Incidentally, that card is too weak for gaming at high resolutions.
As I said, is this for gaming? The GPU is weak.
Yes, but this is the PC I built for myself:
Excellent gaming performance in 7
The only thing you could change is the CPU to a 965 - I went dual-core just for gaming as quad is just starting. Also, get an 80% efficient PSU. You will not regret it. The price for it was just right.
Come to terms with your socket choice first.
I have not looked at the Intel roadmap in several months.
The last I looked, the roadmap for 1366 was unclear over the longer term.
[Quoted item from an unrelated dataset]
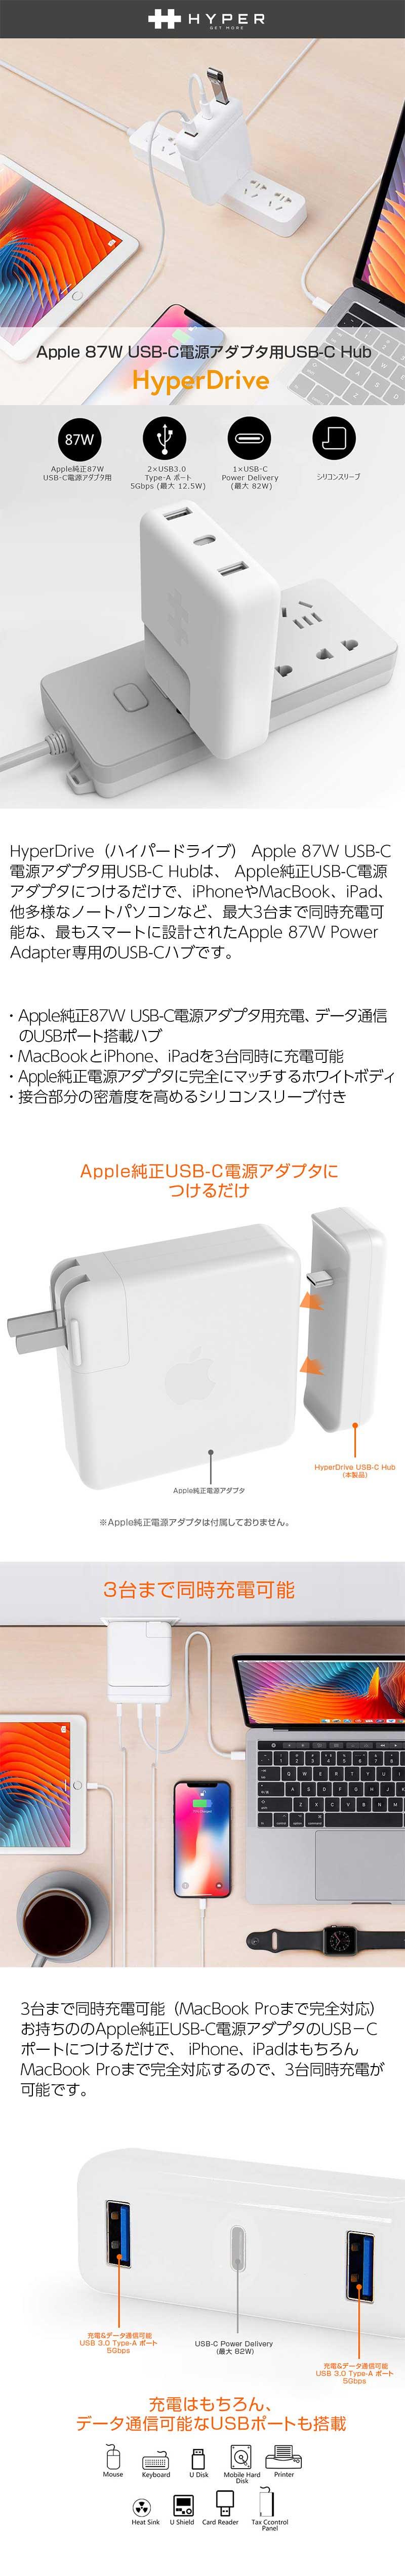 HyperDrive Apple87W USB-C電源アダプタ用USB-C Hub』 Apple 87W Power ...

I think there will be a 6 core processor (Gulftown) in the next few months, but beyond that it wasn't clear recentlly.
The roadmap may have been updated??
There is certainly no issue with 1366 being high performance as it stands now, but if you are the type to upgrade processors, you might be faced with a motherboard upgrade when you do change processors---depending on what Intel has up its sleeve for that socket.
The 1156 roadmap is clearer and not lacking in power either.
Pick your poison.
Nice:)
The PSU is 80% efficent:)
I had a look at the 3dmarks site on the bench test's the 4890 usally scores about 3000 more than the 5750, i could go for the 1GB 4870 GDDR5,theres only a deficit of 1400 in the scores and costs about €10 more than the 5750:)
I wouldnt be one for changing proccessor no,so that wouldnt be a problem:)
Then you are pretty much set, assuming you want Intel and the 1366 socket.
SSDs give a very obvious bang, the shortcoming being price per GB.
You might want to run with the stock cooler and fans in the beginning. After you familiarize yourself with the the PC, you can consider overclocking and experiment with it while monitoring temps.
If temps go beyond your comfort zone, replace heatsink. If they don't, continue at stock.